MDFormer: a multi-scale dense dilated transformer model for 3D medical image segmentation.
Authors
Affiliations (3)
Affiliations (3)
- School of Medical and Information Engineering, Key Laboratory of Prevention and Treatment of Cardiovascular and Cerebrovascular Diseases, Ministry of Education, Jiangxi Provincial Key Laboratory of Tissue Engineering (2024SSY06291), Gannan Medical University, Ganzhou, 341000, China.

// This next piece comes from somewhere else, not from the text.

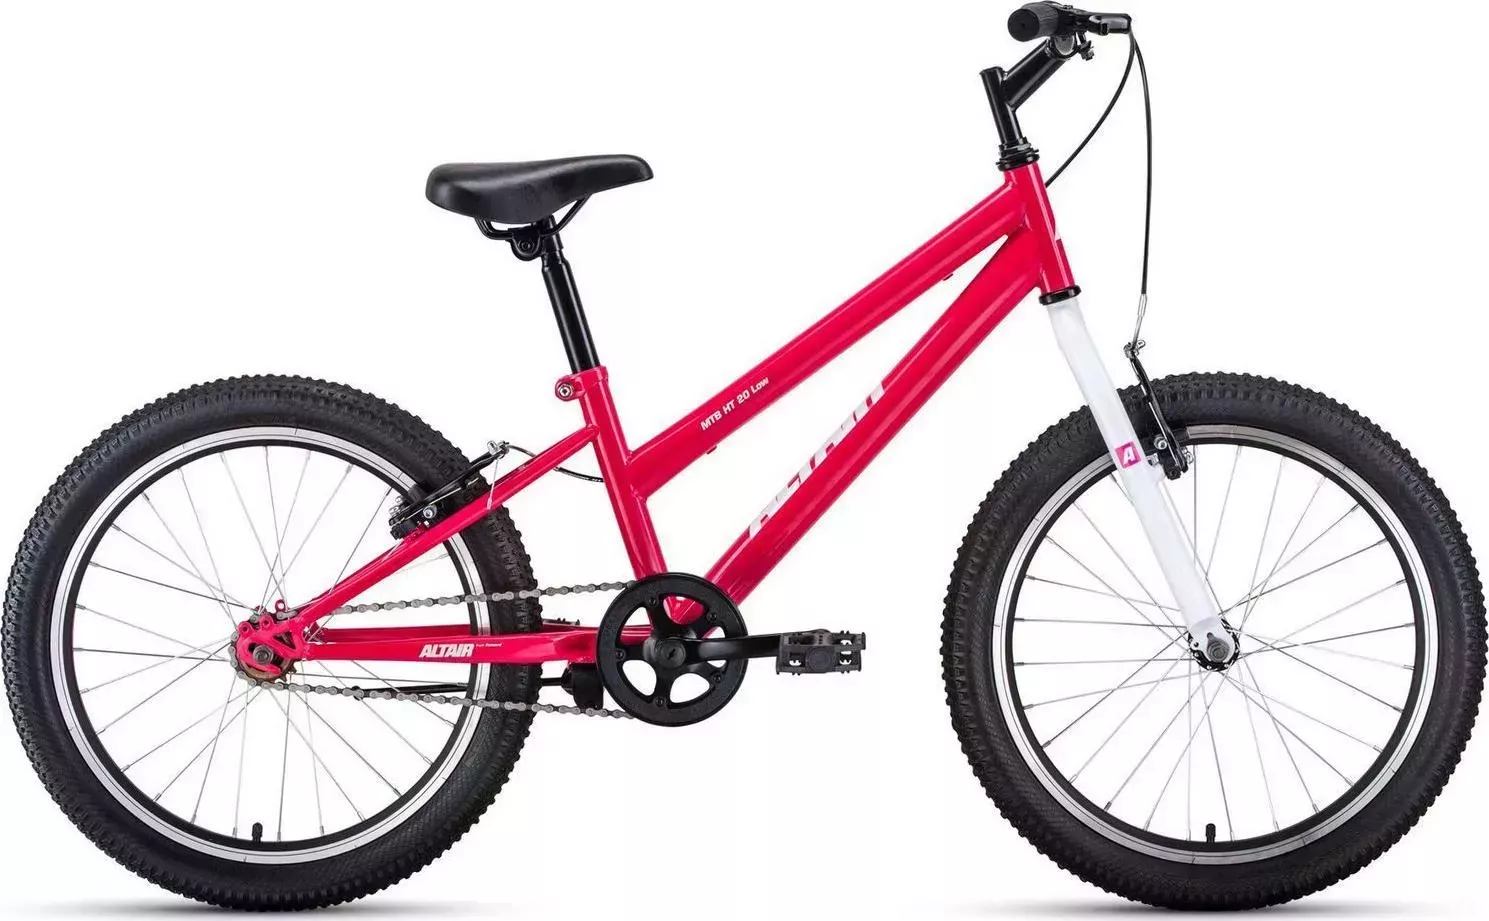 Велосипед для малышей Altair MTB HT 20 LOW розовый/белый (IBK22AL20086)

- Science & Technology Institute, Wuhan Textile University, Wuhan, 430200, China.
- School of Medical and Information Engineering, Key Laboratory of Prevention and Treatment of Cardiovascular and Cerebrovascular Diseases, Ministry of Education, Jiangxi Provincial Key Laboratory of Tissue Engineering (2024SSY06291), Gannan Medical University, Ganzhou, 341000, China. [email protected].
Abstract
To improve the precision of medical image segmentation for enhanced clinical diagnosis and treatment, this study focuses on overcoming the limitations of existing models in capturing multi-scale information under resolution constraints while maintaining efficiency without compromising accuracy. We developed a multi-scale dense dilated Transformer (MDFormer), which integrates the multi-scale dense dilated self-attention (MDDSA) module. This module dynamically adjusts the size of the dense dilated matrix based on the resolution characteristics, enabling spatial downsampling at a fixed resolution and cross-scale information aggregation to effectively reduce computational costs. Our model achieved DSC of 92.7% on the ACDC dataset and 86.88% on the Synapse dataset, with 37.7 M parameters and 47.39G FLOPs. Paired T-tests were performed, demonstrating statistically significant improvements in segmentation performance compared to other models. The proposed MDFormer significantly enhances medical image segmentation through the effective leveraging of multi-scale information extraction, demonstrating promising potential in various medical image segmentation tasks and laying a solid foundation for future advancements in transformer-based models.